Enhancing the photograph, investigators had decided that the man driving up the hill toward Lois that day had raised his arm. Brent had said that the car’s driver had waved at Lois, which was one reason that the police believed he was Randy. But another man could have been pretending to be Randy, and he could have been making certain that if Lois’s camera caught anything beyond the windshield, it would be a wrist sporting a copy of Randy’s tattoo, made from water slide paper or inked on with a marker. Maybe he had deliberately hidden as much of his face as he could with his tattooed arm. He probably hadn’t realized that reflections on the windshield had nearly obscured his face, anyway.
And then five years later, the same man could have created and worn a temporary tattoo matching Randy’s simple homemade B.A.D. He could have dressed and walked like Randy, and then tracked down Georgia, the woman who owned the car he’d seen right after he’d killed and buried Matthias. He must have seen Lois aiming her camera at him, and he must have believed that Georgia, not Lois, had witnessed his leaving the scene of the crime.
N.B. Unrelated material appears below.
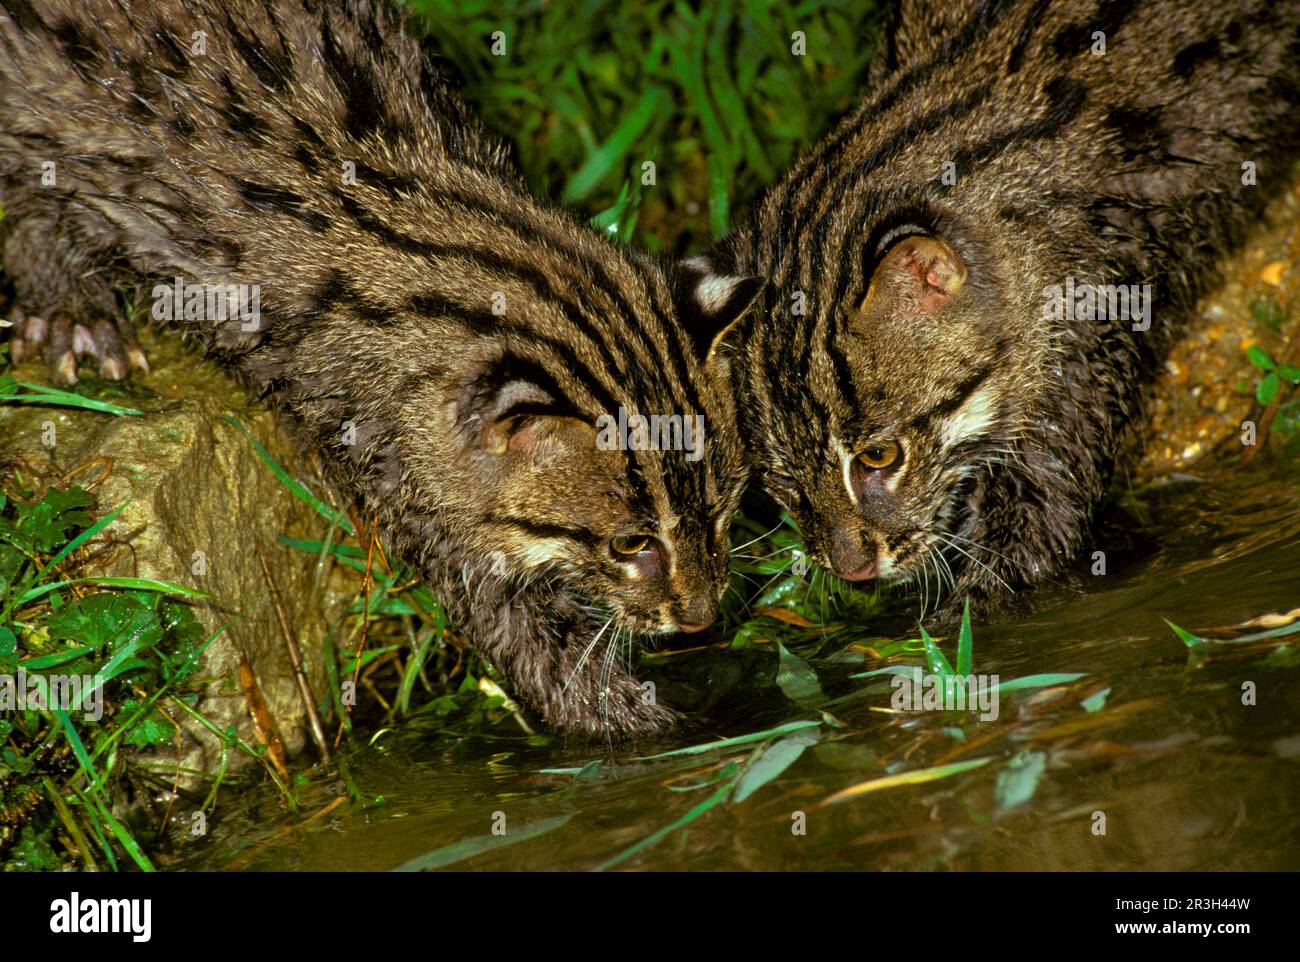 Prionailurus viverrina, Felis viverrinus, Fishing cat, fishing cats (Prionailurus viverrinus), Predatory cats, Predators, Mammals, Animals, Fishing Stock Photo

Everything about the day that her son went missing must have remained etched in Georgia’s mind. Before she succumbed, she must have told her attacker that she had traded her car for a minivan that day, but she would not have divulged Lois’s name. For some reason, possibly the addressed packages stacked next to Georgia’s front door, her murderer had gone to the post office in hopes of finding out whose van Georgia might have borrowed when she had to haul large boxes. He could have purposely parked in view of a surveillance camera. He’d made certain that the car and its license plate could be seen and identified, but he’d kept his face mostly hidden by pulling the ball cap down, bowing his head, and looking away from the post office and its cameras. His short conversation with Honey Bellaire could have sent him looking for Lois.